Let us vertically add $\zeta(k)$ for all integer values of $k$. We would get :
$$\sum_{k=-\infty}^\infty \zeta(k) = \sum_{k=-\infty}^\infty 1^k + \sum_{k=-\infty}^\infty 2^k + \sum_{k=-\infty}^\infty 3^k+\cdots$$
For ($r\neq1$), it is easy to see that $\sum_{k=-\infty}^\infty r^k = 0$.
We know that in these kind of situations, we would derive the same answer at $r=1$ by continuation of the pattern, just like finding $1+2+4+8+\cdots$ is equal to $\frac{1}{1-x}$ at $x=2$ though the value logically only holds at $-1 < x < 1$.
We can even prove that the value is zero at $r=1$.
$$\sum_{k=1}^\infty 1^k = \sum_{k=1}^\infty \frac{1}{k^0} = \zeta(0) = \frac{-1}{2}$$
$$\sum_{k=-\infty}^{-1} 1^k = \sum_{k=1}^\infty \frac{1}{k^0} = \zeta(0) = \frac{-1}{2}$$
$1^k$ at $(k=0) = 1$
Adding the above three would prove that $$\sum_{k=-∞}^∞ 1^k = 0$$. Substituting all of this in the initial equation, we get:
$$\sum_{k=-\infty}^\infty \zeta(k)= 0$$
Is the above correct? Does this give any information about the zeta function that we don't know?

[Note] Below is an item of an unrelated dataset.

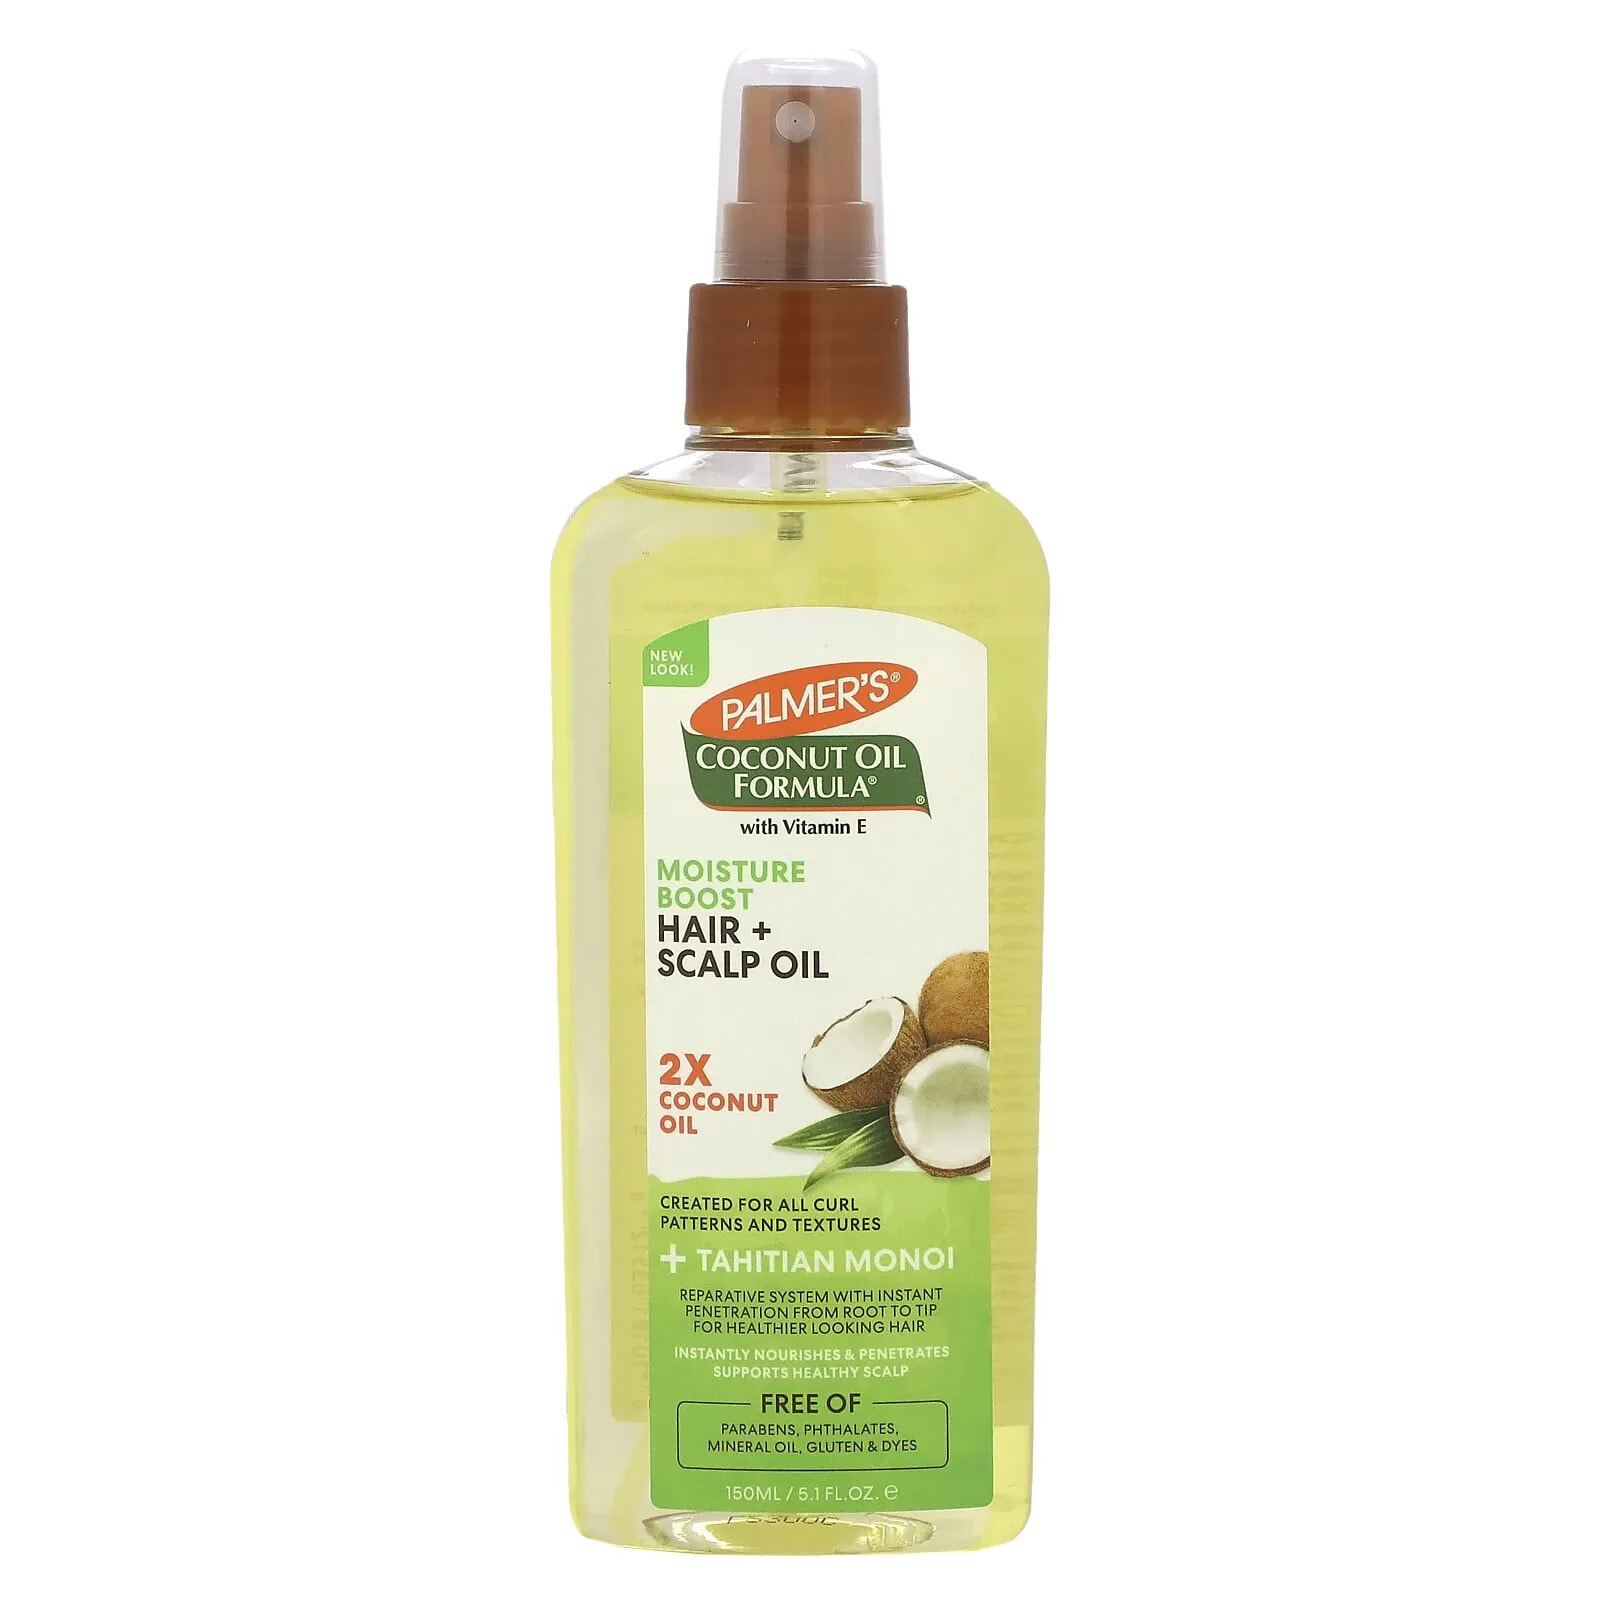 Palmers Coconut Oil Formula Moisture Boost Hair + Scalp Oil Увлажняющее масло для волос и кожи головы с кокосовым маслом и витамином Е 150 мл

Note: Though some of these series are divergent, they can still be assigned a value through analytic continuation. Take for example $1+2+4+8+...$, though it is divergent, it can be assigned a value of $-1$ through the 2-adic metric. An easy way to see is:
$S=1+2+4+8+...$
$S=1+2(1+2+4+8+...)$
$S=1+2S$
$S=-1$
Any help will be supported. Thank you.
(1) The Dirichlet series only works for $k = \Re k\ge 1$ (the famous $1 + 2 + 3 + \cdots = -1/12$ is utter nonsense).
(2) $\zeta(1) = \infty$.
(3) Rearranging wildly a double sum can lead to more nonsense.